Despite decreasing DNA sequencing costs, the effects of rare genetic variants on disease risk remain hard to evaluate due to the very large required sample size, which is often prohibitively expensive or impractical to obtain. Founder populations have therefore attracted attention because many rare variants in the general populations rise to higher frequencies due to drift following the bottleneck, providing more power for association studies. Algorithms for phasing and imputation of related individuals exist, yet often fall short of maintaining high accuracy for rare variants.
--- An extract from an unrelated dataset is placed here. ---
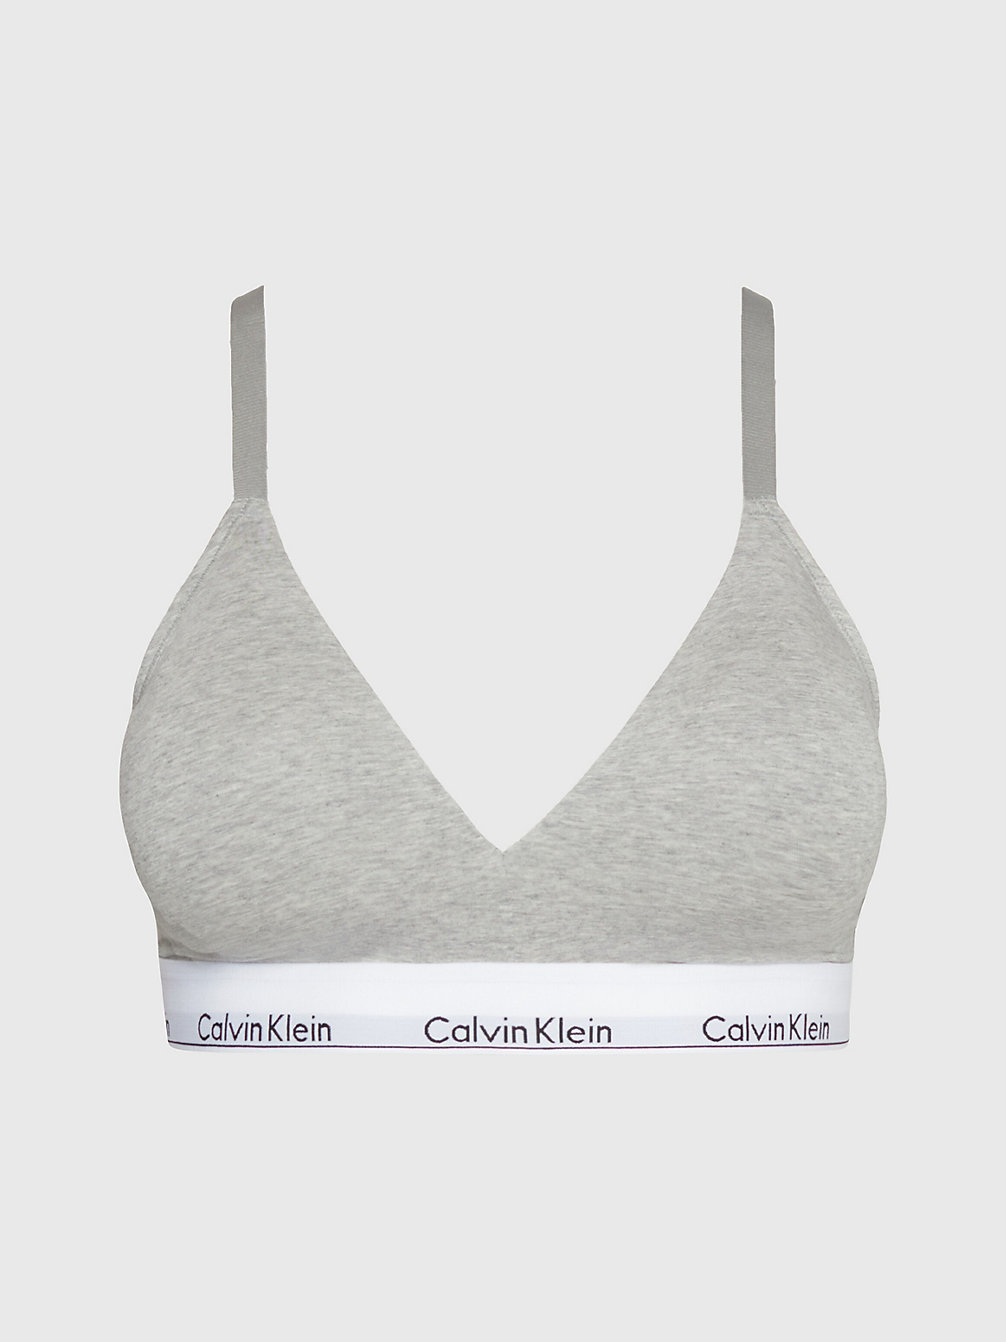 GREY HEATHER > Grote Maat Triangel Bh - Modern Cotton > undefined dames - Calvin Klein

We present a new fast and accurate imputation algorithm that utilizes genome-wide SNP genotypes for 1414 members of the South Dakota Hutterite population, Whole Genome Sequencing (WGS) data from Complete Genomics, Inc. for 98 of those individuals, and pedigree data connecting each of them to all others and to 64 founders. First, phased haplotypes are constructed based on nuclear families and on a hidden Markov model of identity-by-descent (IBD) among the samples. The phased haplotypes are then used to build a complete IBD segment dictionary, indexed by a novel network-based method that allows fast lookup and ensures the consistency of the global IBD structure. We phased >99% of the SNP genotypes, and imputed ~11.6 million bi-allelic variants (SNPs, insertions, deletions) discovered in the WGS data to on average ~77% of the chromosomes of the 1414 individuals. Once IBD segments were indexed, the imputation required only <0.1 second per variant, and a total of 6 node hours on the University of Chicago Beagle supercomputer. Median concordance between imputed and directly genotyped data was >0.995, and was independent of minor allele frequency. We also determined high-confidence IBD-2 segments between pairs of individuals, used to perform a generalized Mendelian error check to assess the WGS datas quality. In those regions, variant calling error rates were lowest for SNPs (0.3%), intermediate for deletions (1.5%), and highest for insertions (52%). Pedigree imputation has other advantages over LD-based imputation, such as inference of the parental origin of haplotypes and the ability to impute ancestors with no available DNA. This work was supported by NIH grants HL085197 and HL21244, and in part by NIH through resources provided by the Computation Institute and the Biological Sciences Division of the University of Chicago and Argonne National Laboratory, under grant S10 RR029030-01.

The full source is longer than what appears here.